Storm vs. Mystics final score: Seattle beats Washington 73-65 in Crystal Langhorne's return to D.C.

Brian Agler's Seattle Storm got their first win of the 2014 season in D.C. - Steven Bisig-US PRESSWIRE

The outcome of the Storm's visit to D.C. wasn't necessarily determined by Crystal Langhorne, but on a poor shooting night for the Mystics she was obviously one of the significant storylines in Seattle's first win of the 2014 season.

When the Washington Mystics traded former All-Star Crystal Langhorne to the Seattle Storm on the night of the 2014 WNBA Draft, the general sentiment among fans on Twitter and elsewhere around the web was that the Storm had gotten a steal.

Thus far the deal has been anything but a "steal" for a Storm team that arrived in D.C. today without a win. Yet Langhorne still left an impression on D.C. fans in Seattle's 73-65 win over Washington tonight.

Langhorne had a game-high 14 rebounds - including a game-high 4 (of the team's 5) offensive rebounds - to help Seattle control the paint in a game that featured plenty of missed shots from both teams. However, what really carried the Storm to victory was their perimeter shooting, which is fitting given the narrative surrounding the Langhorne trade.

What made the Langhorne trade so appealing from a Storm perspective was that they have the shooters to put around Langhorne; those shooters took on a prominent role during the third quarter of tonight's game when Seattle shot 72.7% from the field and 60% from beyond the arc. A 12-2 Storm run over two minutes in the middle of the third quarter - which included two threes from Shekinna Stricklen and another from Alysha Clark - gave the Storm a 10-point cushion that proved enough to earn a win in a game where neither team shot over 40% in the first half.

Although that perimeter shooting is what shows up in the box score, Langhorne's offensive contribution might be more difficult to discern.

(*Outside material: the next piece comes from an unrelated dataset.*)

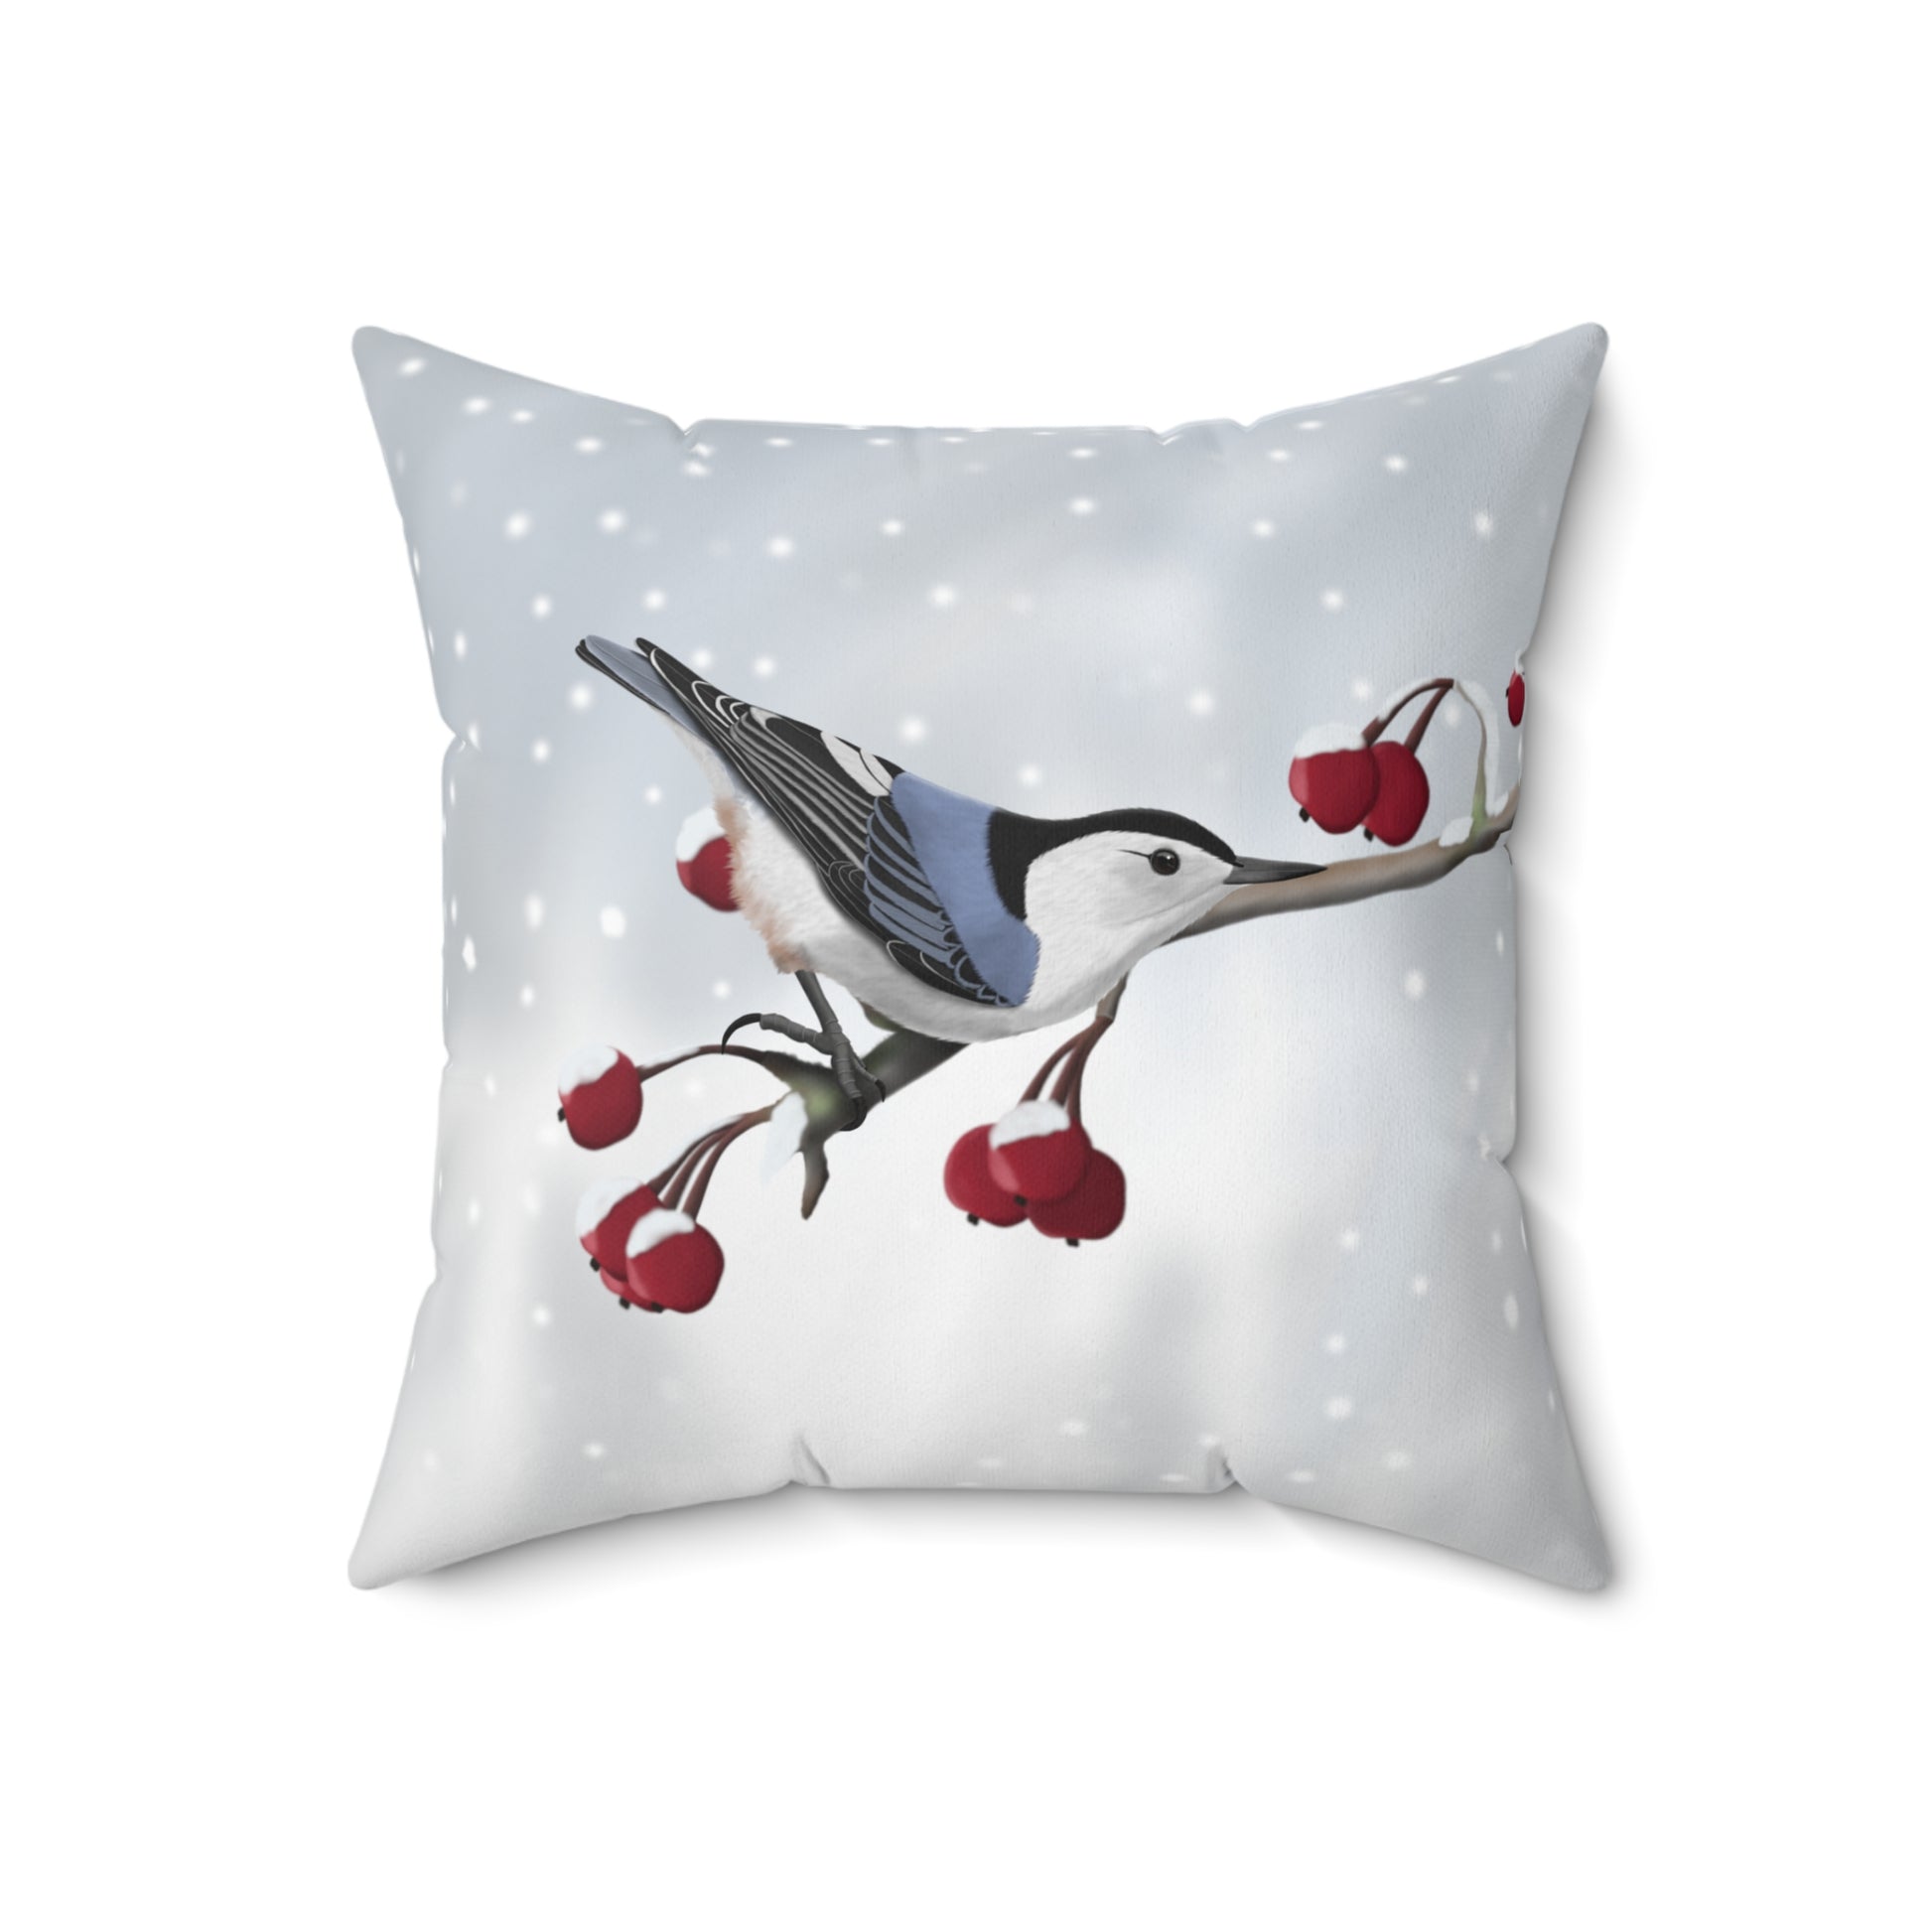 Nuthatch on a Winter Branch Bird Throw Pillow 18"x18"
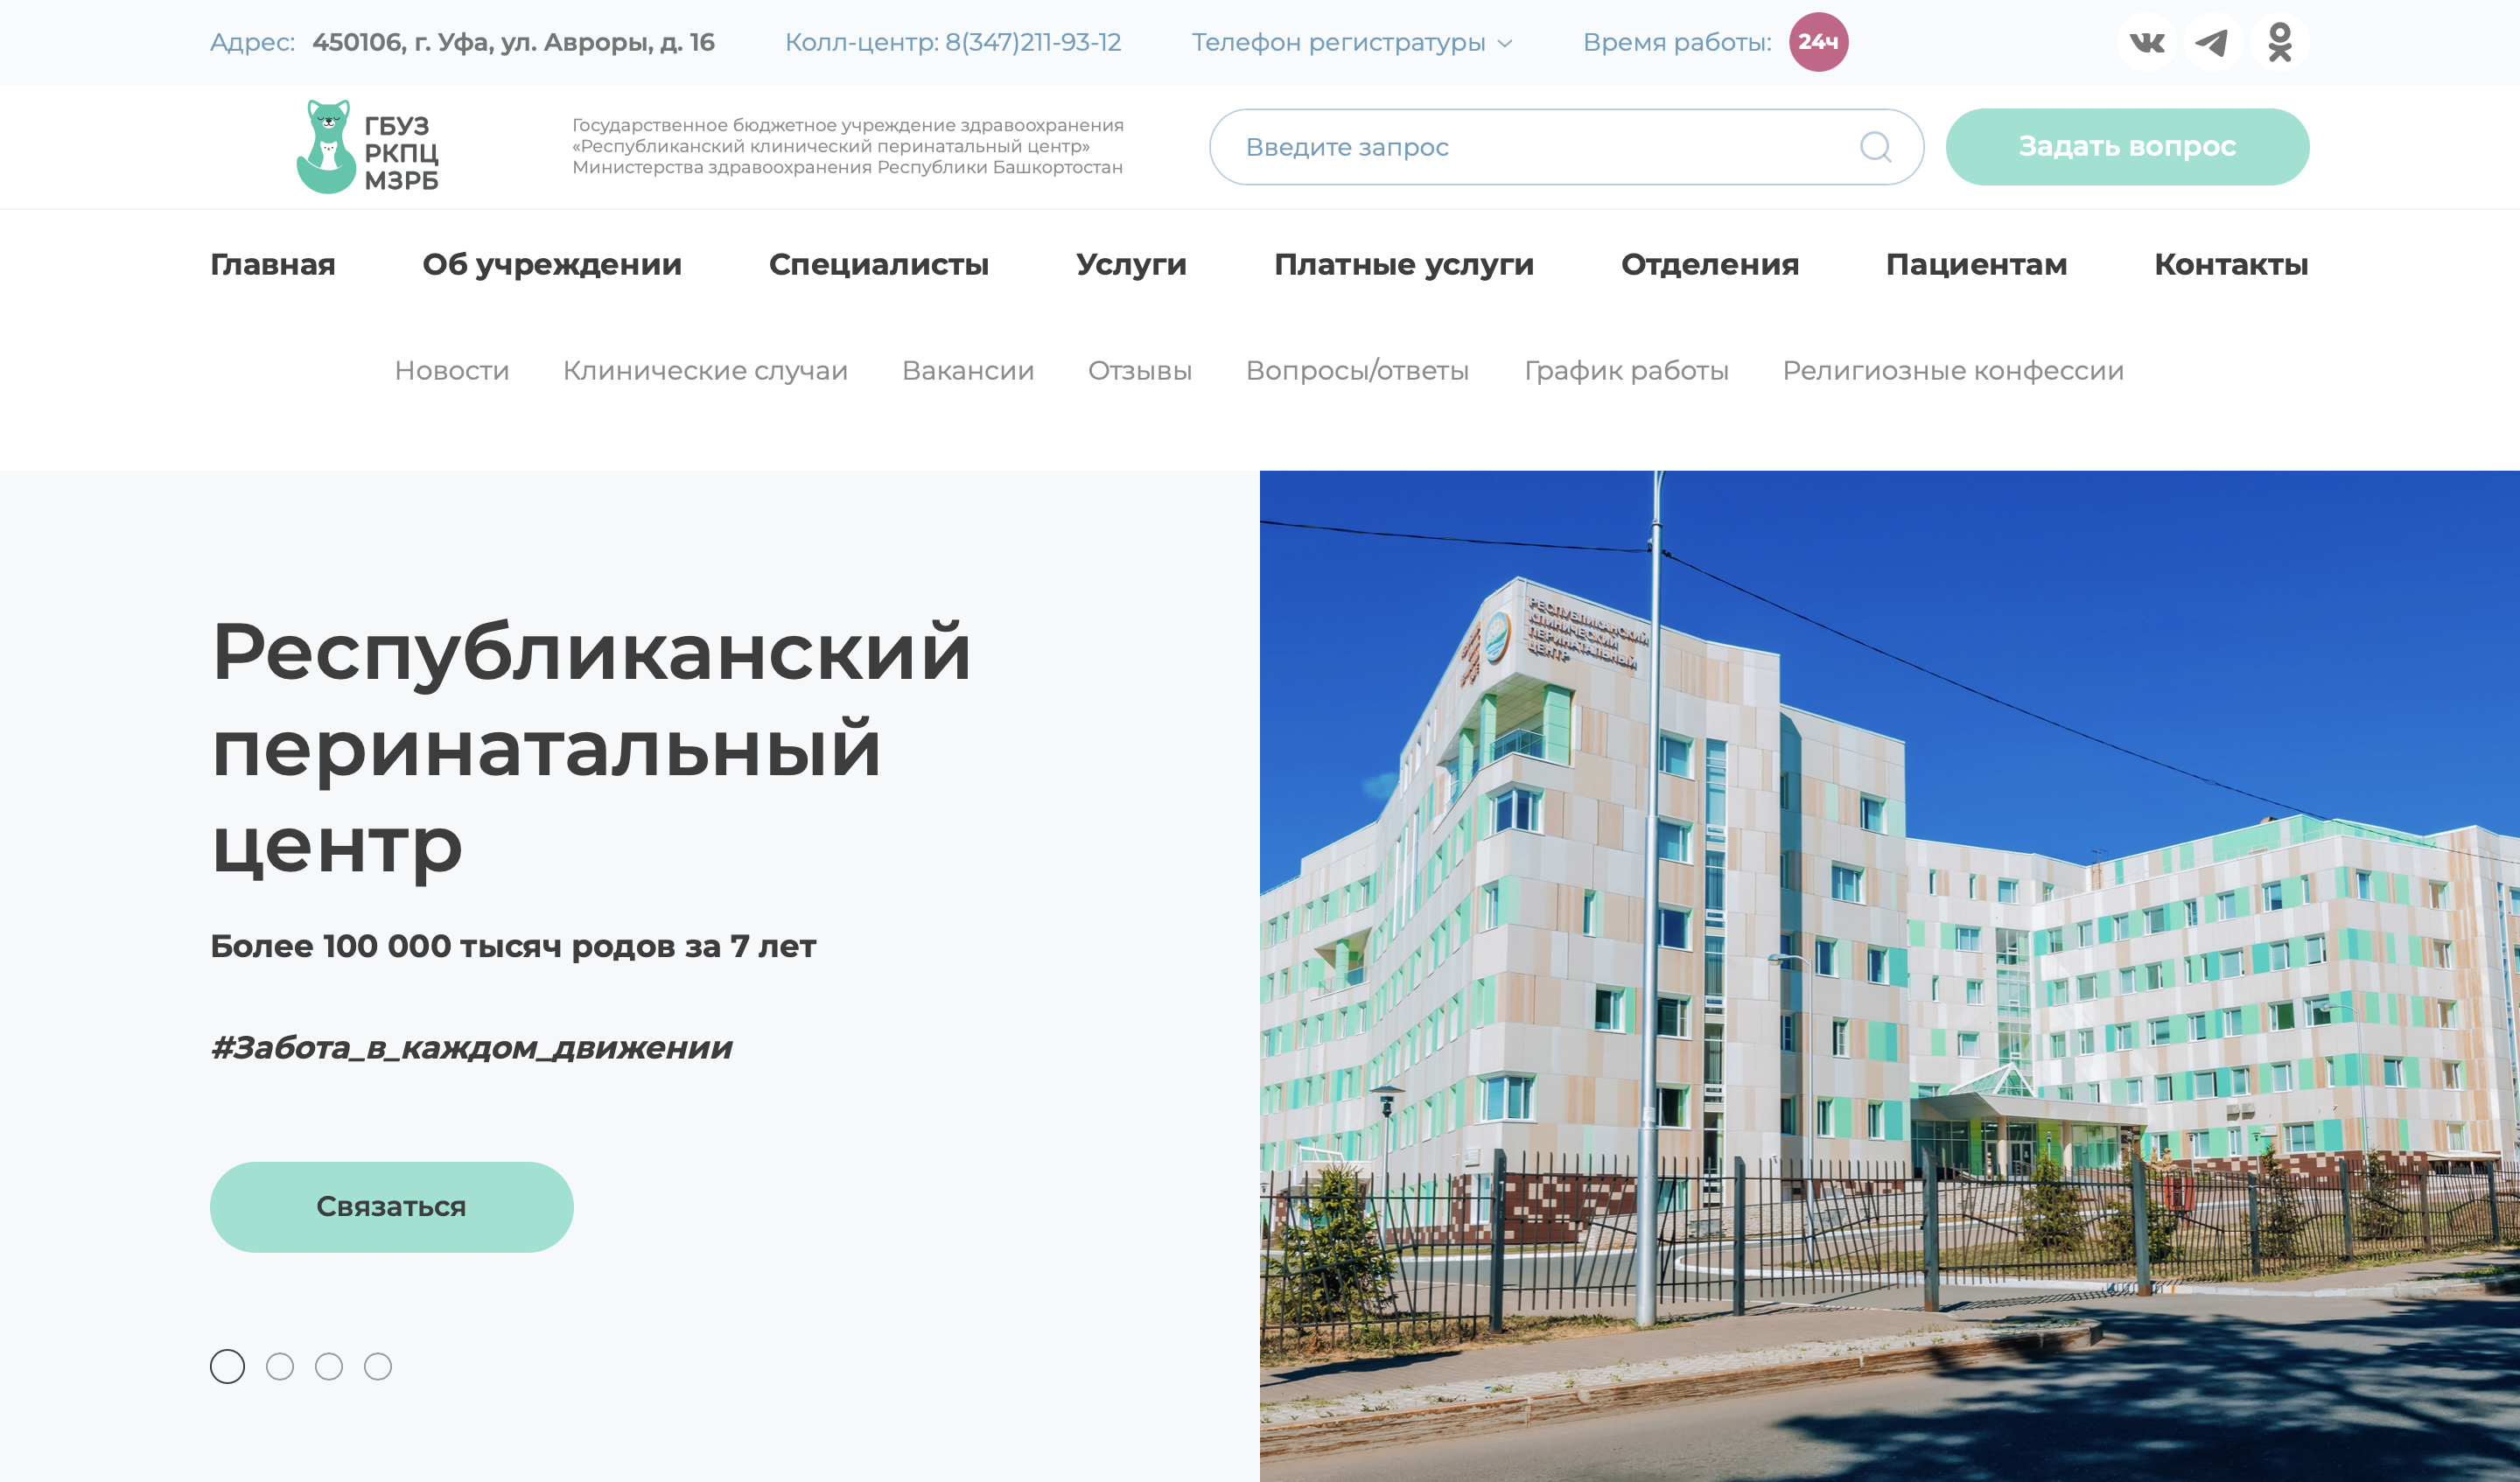 Сайт перинатального центра хабаровск. Республиканский перинатальный центр Байкал-Daily. Республиканский перинатальный центр открыли Байкал-Daily.

Despite a dominant rebounding performance on a night that Washington shot just 36.9% from the field, Langhorne had just six points and no free throw attempts. Nevertheless, what might explain her +11 plus/minus - second-highest of the game behind Stricklen, who got the bulk of her minutes in the third quarter - is that she drew double teams from her former teammates that created space for Seattle's perimeter shots and drives. In a game where Seattle shot 5-for-10 from beyond the arc in the second half with Sue Bird scoring 10 of her game-high 16 points along with a game-high 5 assists, Langhorne's post scoring presence wasn't needed.

For the Mystics, second-year forward Emma Meesseman scored 10 of her game-high 12 points in the first half, showing off her shooting touch from both the mid-range and in the paint. Unfortunately, when Meesseman went just 1-for-3 in the second half, the Mystics didn't have anyone else to pick up the slack as they shot just 35.3% in the second half. Meesseman and rookie center Stefanie Dolson had a team-high five rebounds apiece.

The Mystics came into this game with a built-in excuse as they were playing the second game of a back-to-back, but as they struggled to knock down shots the game pretty much illustrated where they have been in recent years with or without Langhorne: they don't have that established go-to star who can carry them on off nights against a winless team and, absent that, are probably doing the right thing by finally focusing on internal development.